In 2025, the value of goods traded internationally surpassed $32 trillion. Behind every shipment, product, and service contract lies a critical, often invisible infrastructure: conformity assessment. Without trusted systems to verify that products meet safety and performance standards, global commerce as we know it would be impossible.
The Problem of Duplicated Testing
Historically, exporters faced a costly and time-consuming challenge: even when a product had been thoroughly tested in its country of origin, importing countries often required repeat testing at their own approved laboratories. This duplication added cost, delay, and uncertainty to international supply chains.
How Mutual Recognition Agreements Work
Mutual Recognition Agreements (MRAs) between accreditation bodies solve this problem. Under an MRA, Country A's accreditation body agrees that certificates issued by Country B's accreditation body — for laboratories, inspection bodies, and certification bodies — are equivalent to those issued domestically.

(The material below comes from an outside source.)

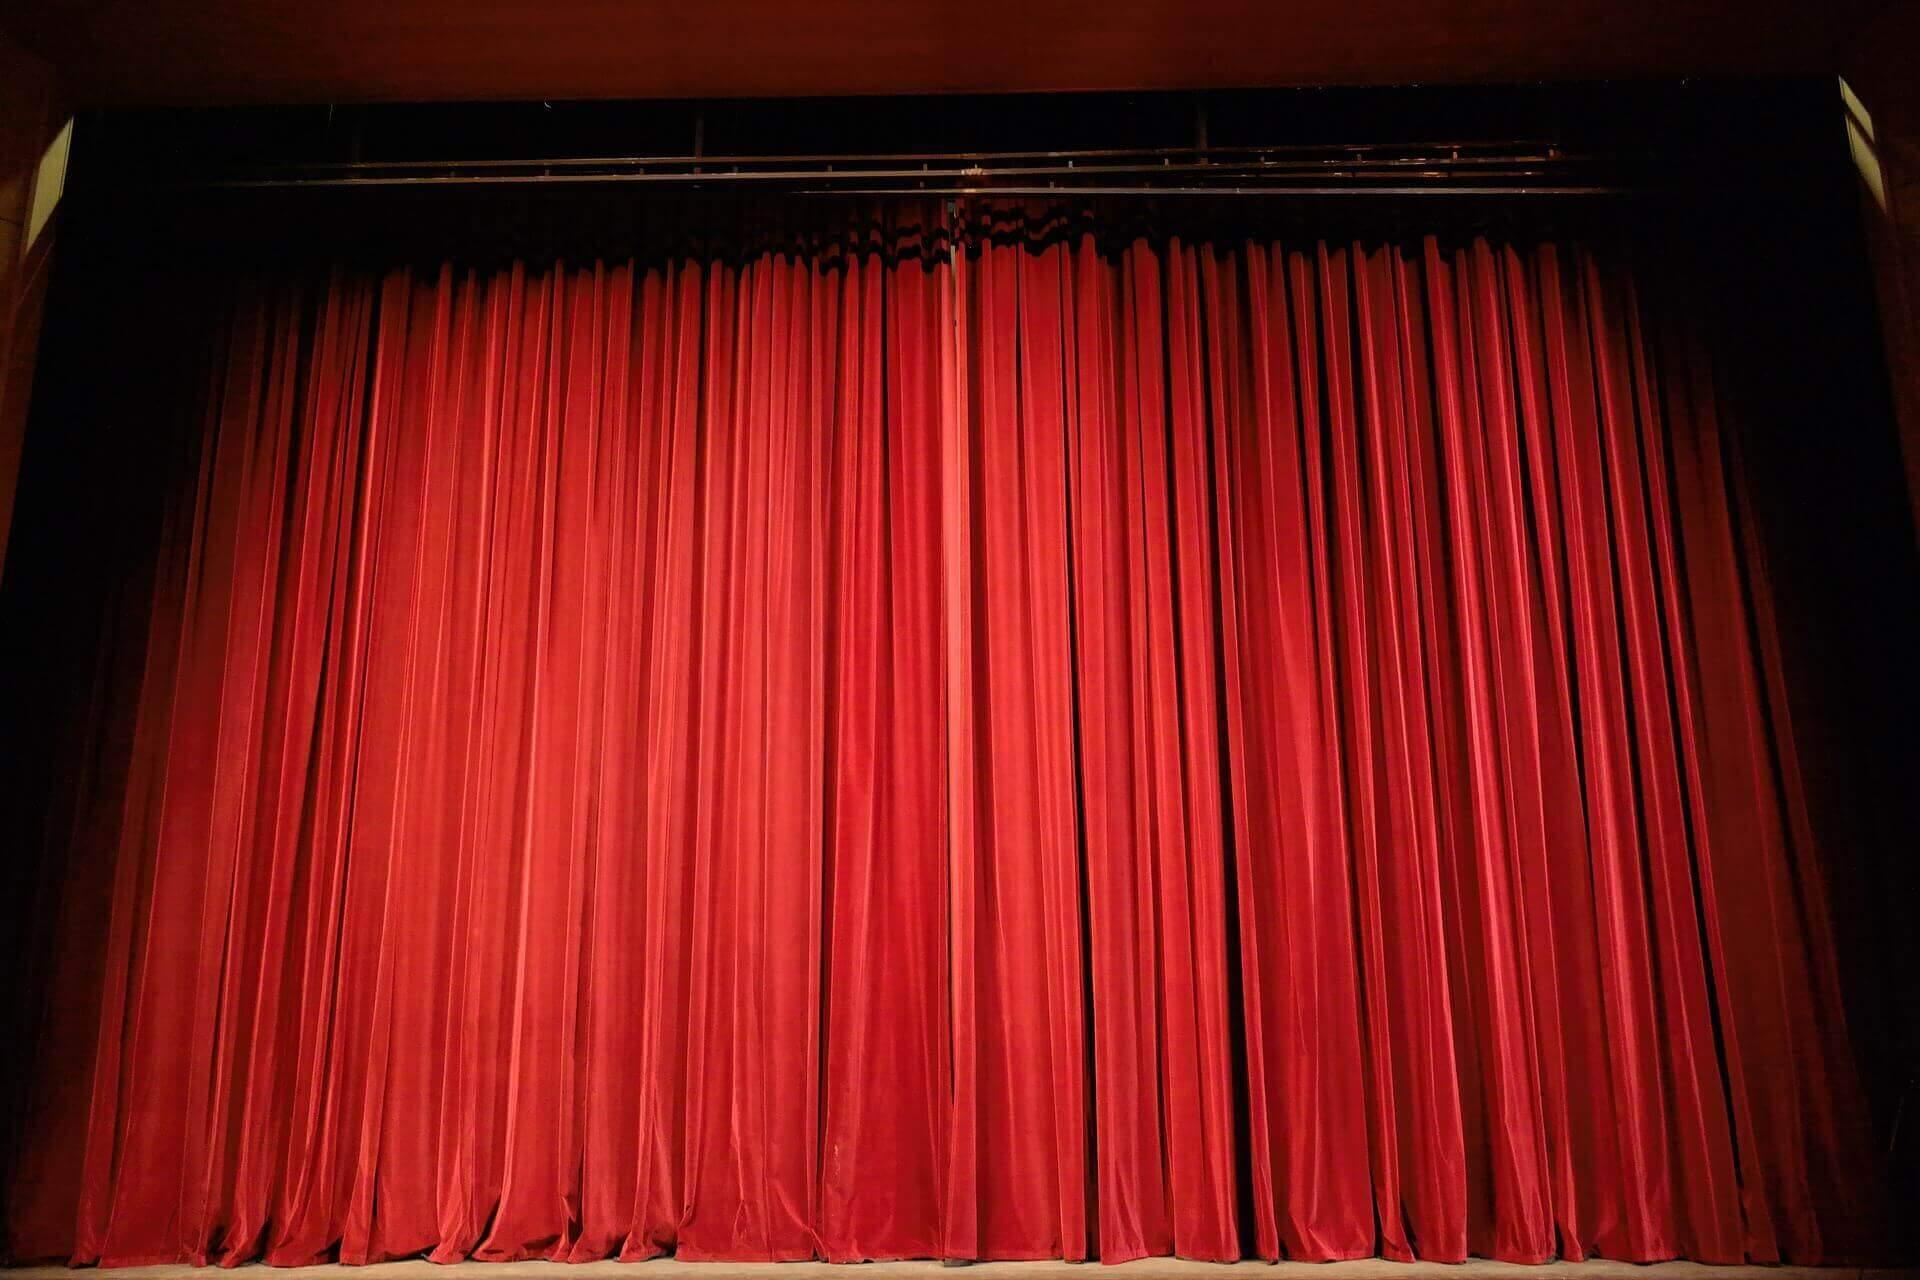 赤いカーテンのシアター

This means an ISO/IEC 17025-accredited laboratory in the UK can issue test reports that are accepted in all MRA partner countries without re-testing. The product can flow freely.
The Role of UKICB in MRAs
UKICB is a signatory to multiple bilateral and multilateral mutual recognition arrangements. Our accreditation programme meets the requirements of the International Laboratory Accreditation Cooperation (ILAC) and the International Accreditation Forum (IAF) multilateral arrangements, meaning UKICB certificates are accepted in over 100 countries.
Economic Impact
Research by the World Trade Organisation suggests that the elimination of duplicate testing through mutual recognition reduces trade costs by an average of 3-5% for manufactured goods. For small and medium enterprises, this can represent the difference between international competitiveness and market exclusion.